## Recorded data
____
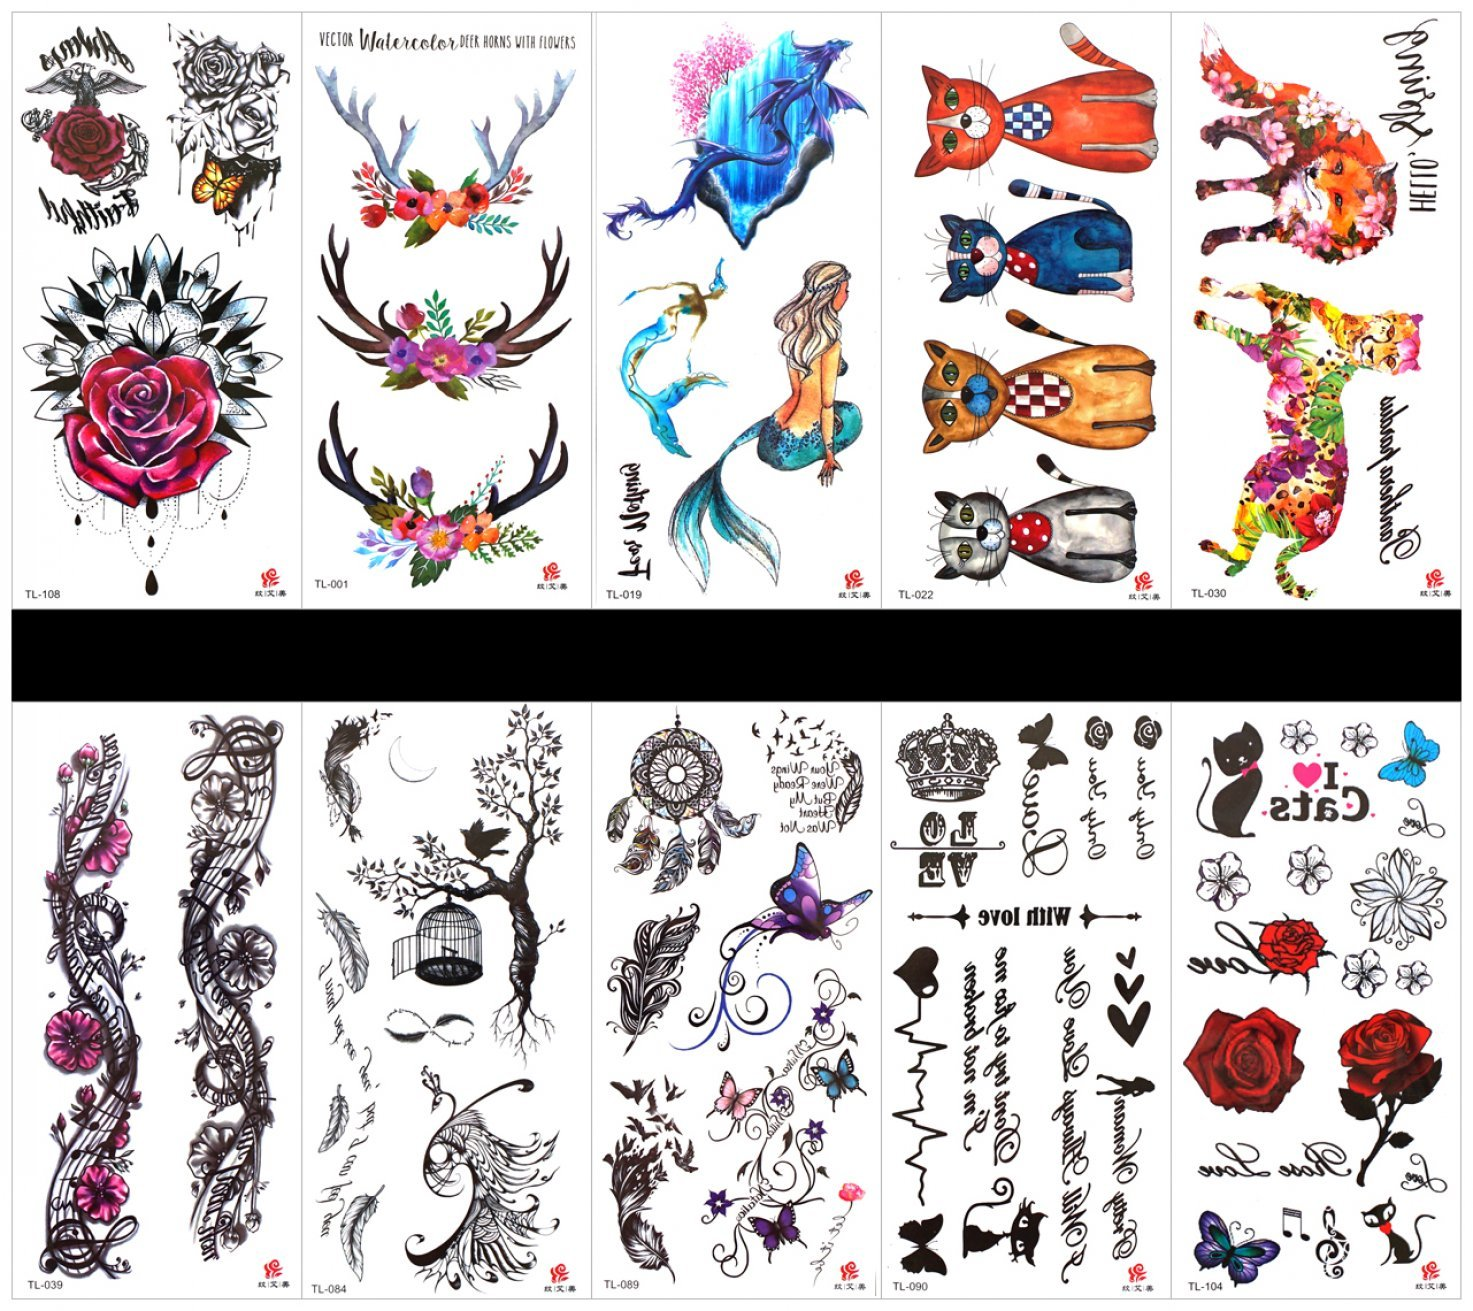 tatuajes falsos en 1 paquete, incluyendo zorro, leopardo, pluma ...
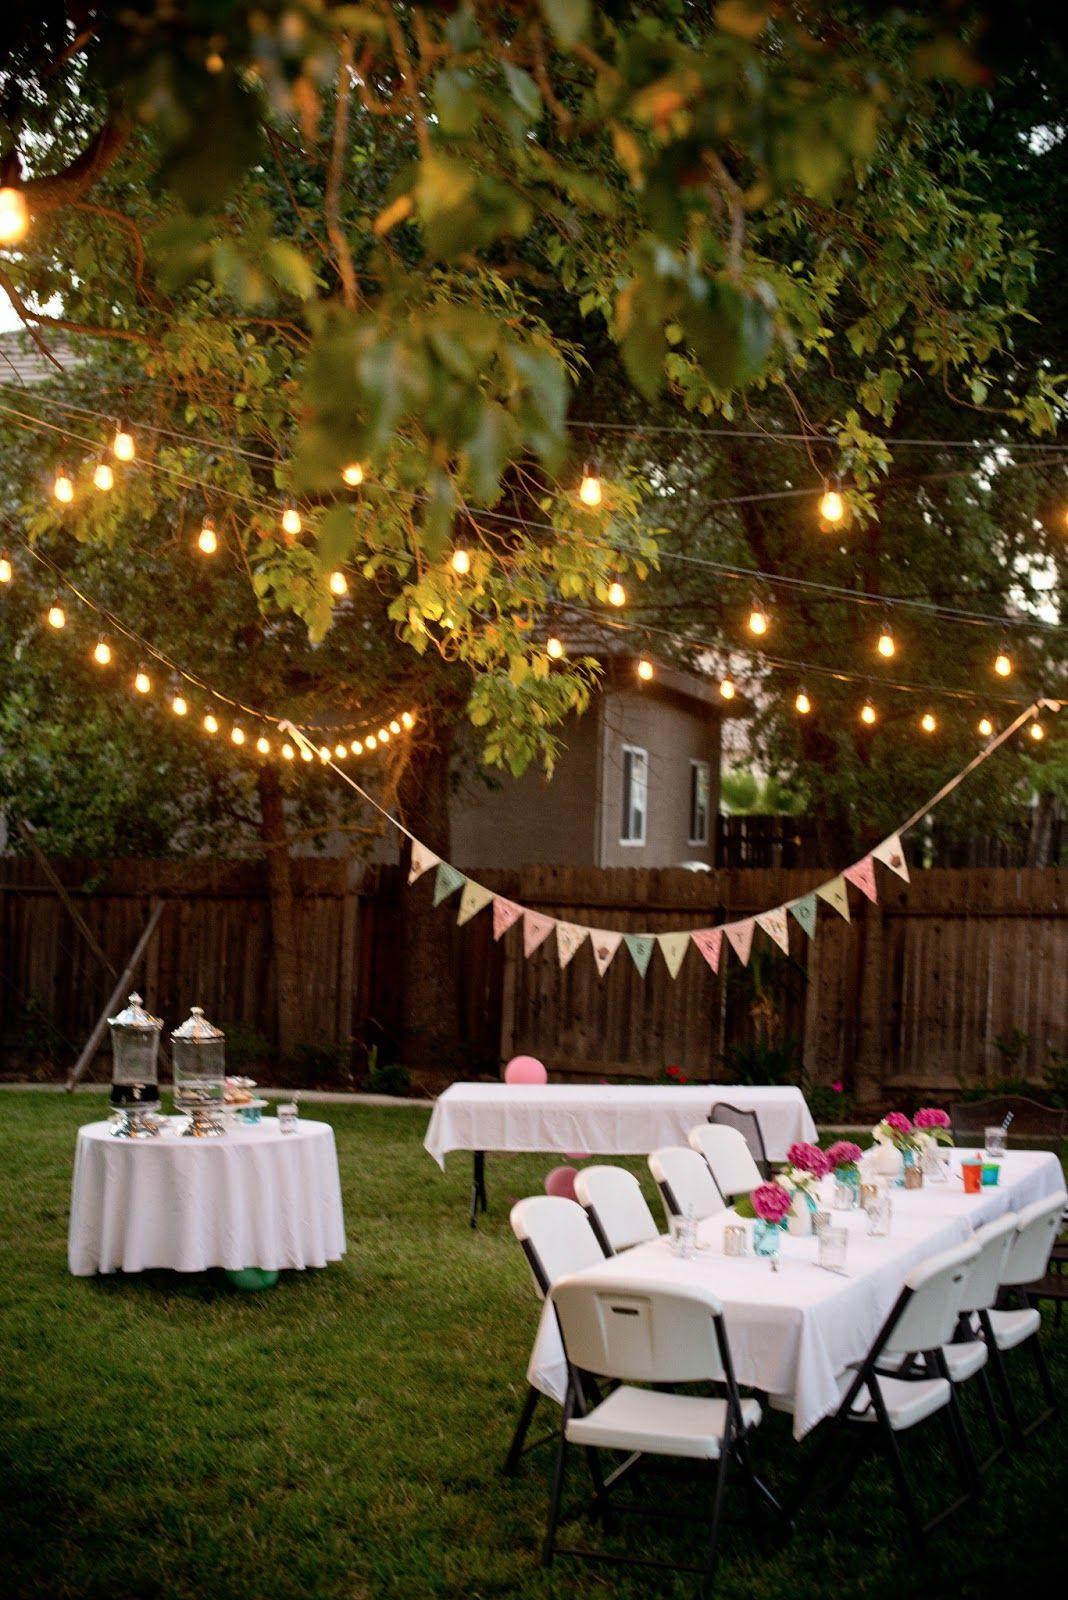 Backyard Party Ideas For Graduation  Backyard Birthday Fun Pink Hydrangeas Polka Dot Napkins
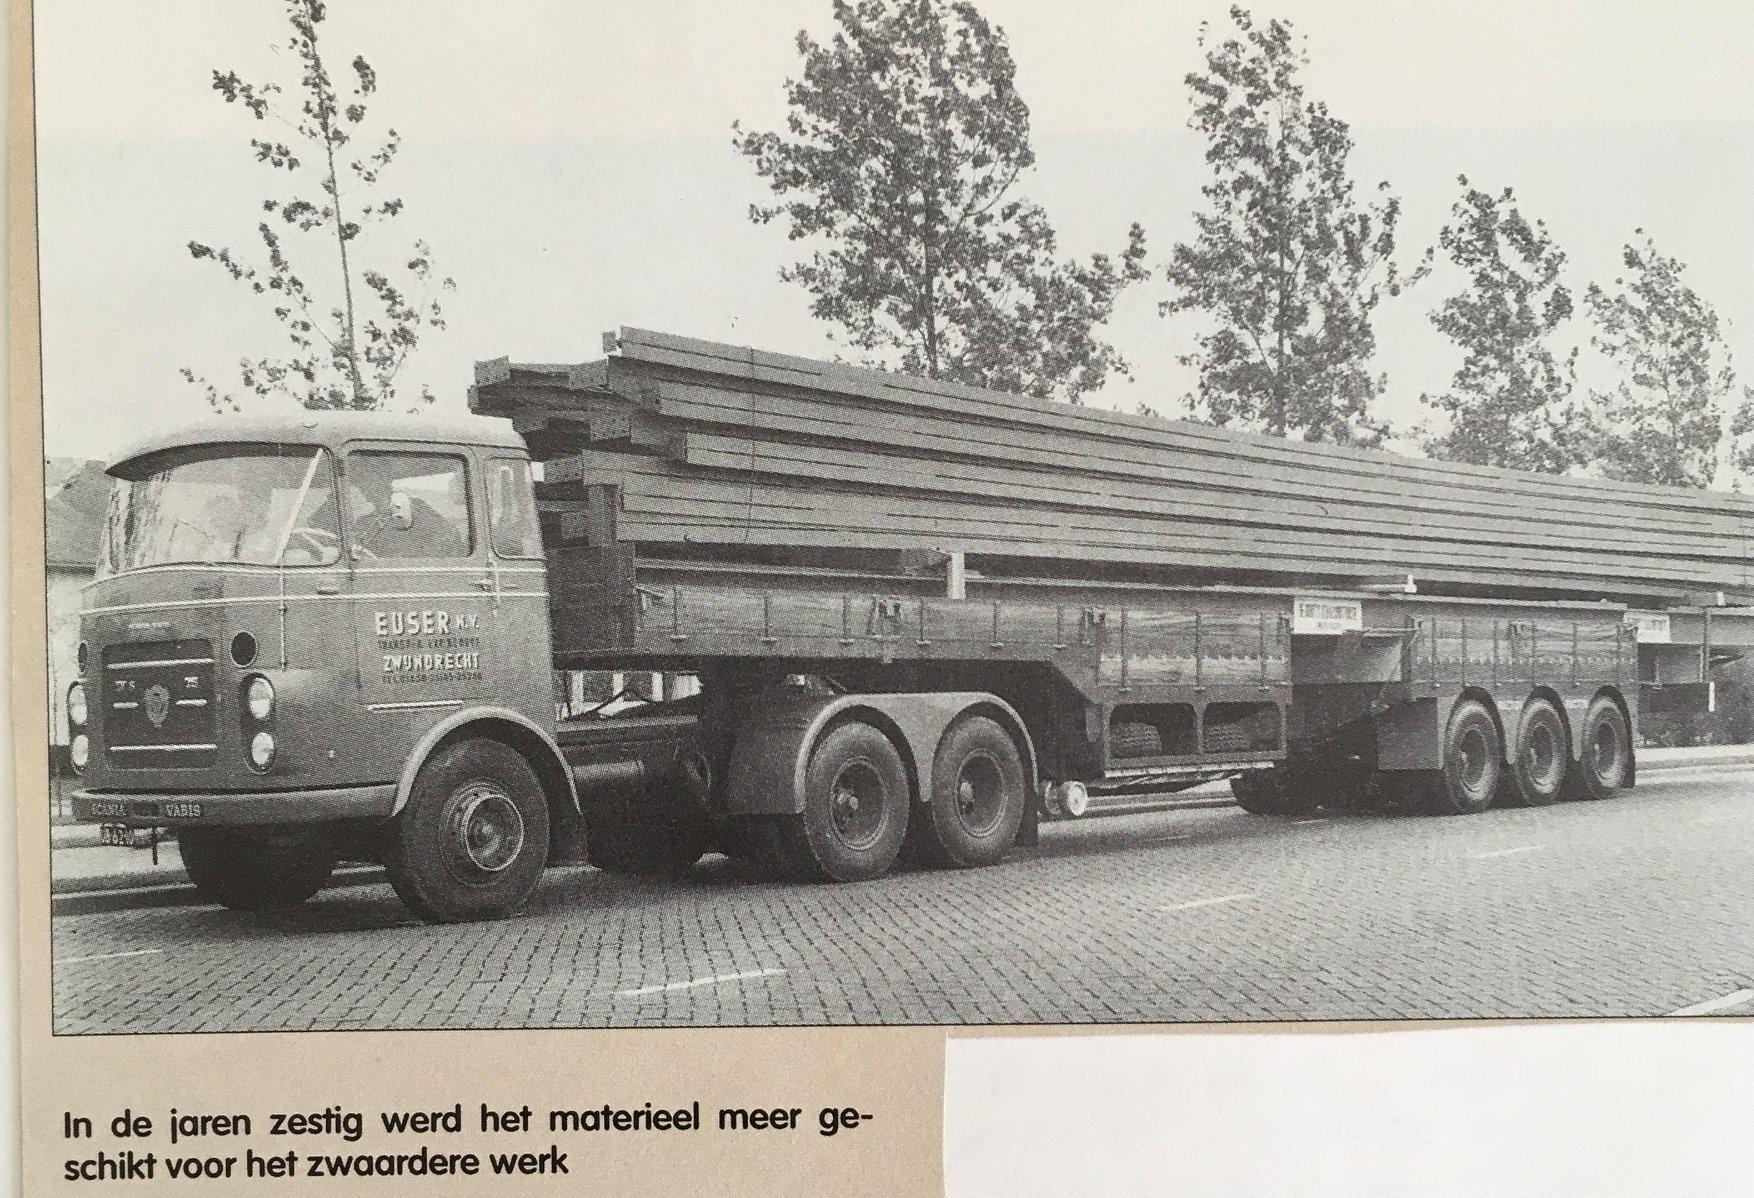 Scania-Vabis--Rudi-Zemann-archief
____
## What the task requires
Pick up at the line containing "Backyard Party Ideas" and copy each line exactly until the data ends, including that last line; copy no pictures.

## Task output
 Backyard Party Ideas For Graduation  Backyard Birthday Fun Pink Hydrangeas Polka Dot Napkins
 Scania-Vabis--Rudi-Zemann-archief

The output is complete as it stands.